F=variation between sample mean values and variation within the samples, P=significance level, d(0.5)=median diameter, CI=cohesion index, MCS=mean cake strength, TPC=total polyphenolic content, DPPH=1,1-diphenyl-2-picrylhydrazyl
Significant influence of the drying temperature and the type of extract added to the mixtures was determined for the following properties: powder dry matter (R2=0.9823), cohesion index (R2=0.7919) and sensory properties: appearance (R2=0.9392), colour (R2=0.9274), odour (R2=0.7335), sweetness (R2=0.7827) and aftertaste (R2=0.8674) (Table 4). When dried at higher temperatures, the dry matter content of the resulting material is lower. The influence of the drying temperature and the extract type on the cohesion index of the powder can be attributed to the initial moisture content, which, when higher, influences the drying rates, as well as the final moisture content of the powder. According to literature data, powder flow properties highly depend on the moisture content: higher moisture content causes flow difficulties (45). Interestingly, MANOVA did not show a significant simultaneous effect of temperature and extract type on the TPC and AOC of the dried powder samples. However, as mentioned before, significant differences were detected between the foam samples prior to drying and the powder samples after the drying. Influence of the drying temperature and the type of added extract on the sensory properties was observed in the cases when the consumers preferred the powder dried at lower temperatures (t=50 °C) and the masking of the lavender aroma when the microencapsulated extract was added. Although not significant based on the MANOVA results (p=0.06), the influence of the lavender aroma cannot be completely excluded from the sensory analysis, since the lavender plant contains essential oils that are known to have a strong effect on the organoleptic properties of food (54).
The foam mat drying process was applied to produce cocoa powder enriched with lavender extract. The effect of drying temperature was evident on the drying rate constants: higher drying temperatures increased the drying rate values (drying rate constants calculated with the Page model ranged from k=0.0159 to 0.0764 min–1 at t=50 °C, from k=0.0219 to 0.0572 min–1 at t=60 °C, and from k=0.0379 to 0.0544 min–1 at t=70 °C).
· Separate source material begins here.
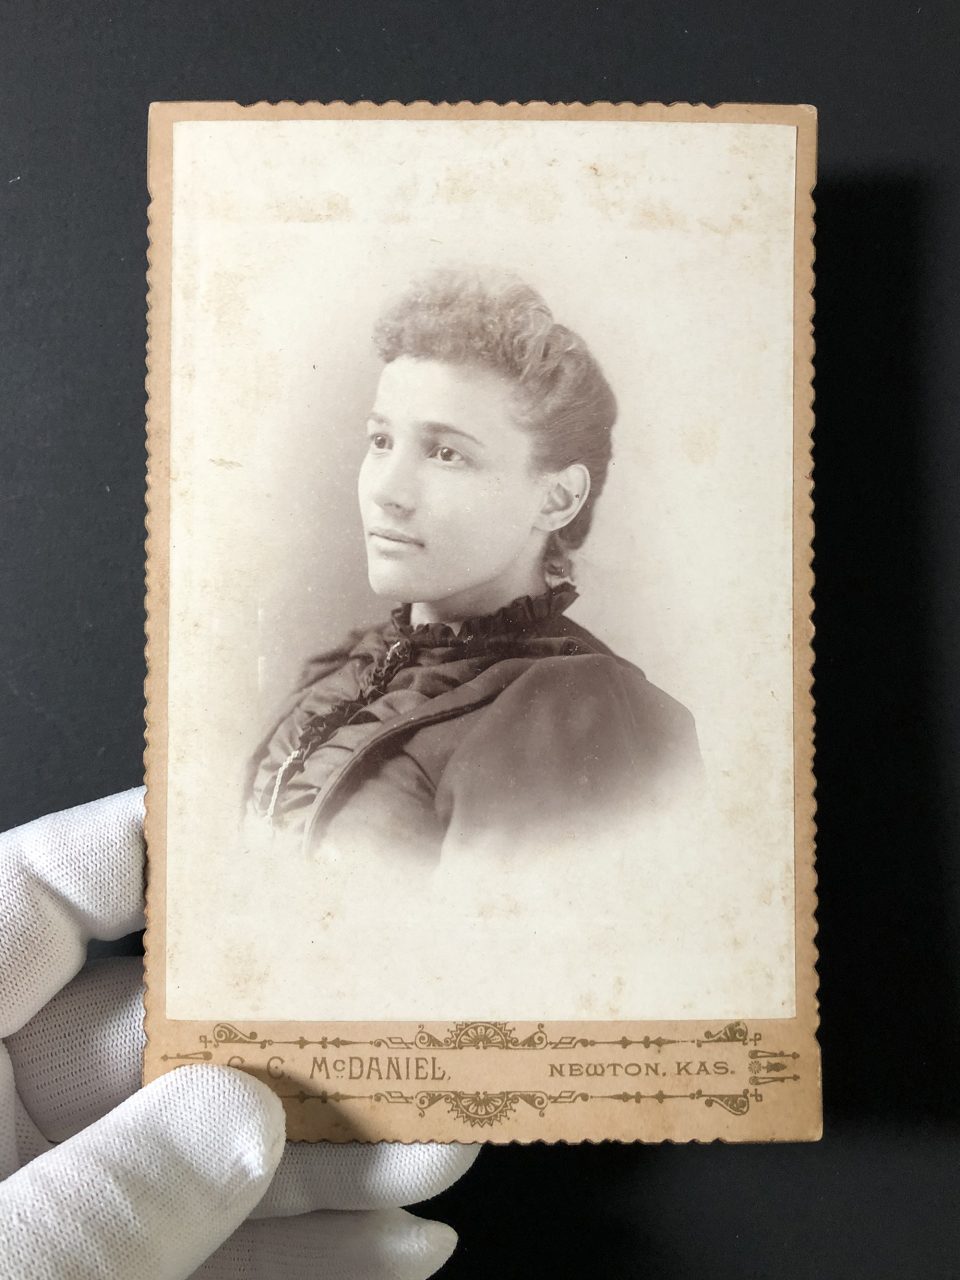 Cabinet card portrait of a young woman made in the late 1880s or early 1890s by photographer C.C. McDaniel in Newton, Kansas

The extract type also influenced the drying rates: lower constants calculated with the Page model were obtained for control samples, while higher values were obtained for liquid and microencapsulated extracts. Powder samples with the addition of the microencapsulated extracts had the highest cohesion index values. Temperature and extract type had a combined effect on the powder dry matter content, cohesion index, appearance, colour, odour, sweetness and aftertaste. Sensory properties depended on both the drying temperature and the extract type: the consumers preferred the powder dried at lower temperature (t=50 °C) and with the microencapsulated extract.